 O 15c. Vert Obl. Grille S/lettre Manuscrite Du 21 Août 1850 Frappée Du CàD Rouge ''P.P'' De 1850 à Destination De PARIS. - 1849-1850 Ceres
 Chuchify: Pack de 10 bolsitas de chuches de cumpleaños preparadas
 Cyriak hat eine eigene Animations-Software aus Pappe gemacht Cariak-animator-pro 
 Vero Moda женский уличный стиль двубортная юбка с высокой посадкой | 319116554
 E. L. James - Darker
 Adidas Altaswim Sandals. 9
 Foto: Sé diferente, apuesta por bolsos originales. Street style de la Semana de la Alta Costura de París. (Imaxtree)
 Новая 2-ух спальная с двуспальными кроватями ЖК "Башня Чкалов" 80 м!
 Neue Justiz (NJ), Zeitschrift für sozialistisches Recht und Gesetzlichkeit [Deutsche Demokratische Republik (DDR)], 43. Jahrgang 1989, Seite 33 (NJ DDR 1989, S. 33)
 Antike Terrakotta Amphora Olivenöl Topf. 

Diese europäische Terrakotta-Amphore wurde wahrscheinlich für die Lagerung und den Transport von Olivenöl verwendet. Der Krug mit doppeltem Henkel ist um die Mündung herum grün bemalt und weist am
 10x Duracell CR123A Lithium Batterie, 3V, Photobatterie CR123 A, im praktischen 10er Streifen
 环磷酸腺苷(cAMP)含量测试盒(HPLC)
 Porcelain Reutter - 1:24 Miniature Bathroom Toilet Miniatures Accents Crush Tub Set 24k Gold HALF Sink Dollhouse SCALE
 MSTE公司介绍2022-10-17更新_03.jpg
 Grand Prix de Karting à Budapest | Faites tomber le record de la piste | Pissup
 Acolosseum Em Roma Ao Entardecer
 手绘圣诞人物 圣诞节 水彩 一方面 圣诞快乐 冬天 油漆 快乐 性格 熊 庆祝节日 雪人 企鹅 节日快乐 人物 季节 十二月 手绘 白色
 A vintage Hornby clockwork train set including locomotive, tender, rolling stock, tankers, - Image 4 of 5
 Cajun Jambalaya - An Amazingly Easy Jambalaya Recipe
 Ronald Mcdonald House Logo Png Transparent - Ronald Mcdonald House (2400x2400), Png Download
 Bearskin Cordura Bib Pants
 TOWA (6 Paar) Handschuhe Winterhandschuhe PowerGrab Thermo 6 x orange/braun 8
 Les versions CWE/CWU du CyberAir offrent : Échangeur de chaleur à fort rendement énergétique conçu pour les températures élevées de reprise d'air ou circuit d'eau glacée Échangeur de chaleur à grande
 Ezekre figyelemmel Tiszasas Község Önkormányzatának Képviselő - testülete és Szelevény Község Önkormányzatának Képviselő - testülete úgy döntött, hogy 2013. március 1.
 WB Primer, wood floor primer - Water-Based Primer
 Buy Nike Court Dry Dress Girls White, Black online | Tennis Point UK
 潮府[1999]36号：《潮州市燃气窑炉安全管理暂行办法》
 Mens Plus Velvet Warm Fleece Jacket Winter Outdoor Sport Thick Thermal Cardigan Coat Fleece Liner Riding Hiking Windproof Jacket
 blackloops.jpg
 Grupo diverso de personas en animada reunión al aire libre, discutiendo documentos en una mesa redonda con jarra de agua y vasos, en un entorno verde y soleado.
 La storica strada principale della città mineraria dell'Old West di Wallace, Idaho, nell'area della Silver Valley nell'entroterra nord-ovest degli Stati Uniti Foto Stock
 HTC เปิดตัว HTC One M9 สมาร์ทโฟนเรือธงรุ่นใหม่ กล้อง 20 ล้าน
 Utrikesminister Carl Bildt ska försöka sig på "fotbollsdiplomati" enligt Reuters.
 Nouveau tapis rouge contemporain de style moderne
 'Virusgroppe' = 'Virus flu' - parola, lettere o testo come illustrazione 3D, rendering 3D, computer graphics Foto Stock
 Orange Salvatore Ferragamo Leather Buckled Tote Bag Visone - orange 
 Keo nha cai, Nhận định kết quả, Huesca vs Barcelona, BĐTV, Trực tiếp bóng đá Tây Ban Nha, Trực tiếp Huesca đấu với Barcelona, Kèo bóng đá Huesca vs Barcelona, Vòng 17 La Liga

WORK REQUEST
Go to the line with "Easy Jambalaya Recipe" in the entries above and repeat every line from there through the line with "TOWA (6 Paar)", exactly and with no other text.

EXERCISE RESULT
 Cajun Jambalaya - An Amazingly Easy Jambalaya Recipe
 Ronald Mcdonald House Logo Png Transparent - Ronald Mcdonald House (2400x2400), Png Download
 Bearskin Cordura Bib Pants
 TOWA (6 Paar) Handschuhe Winterhandschuhe PowerGrab Thermo 6 x orange/braun 8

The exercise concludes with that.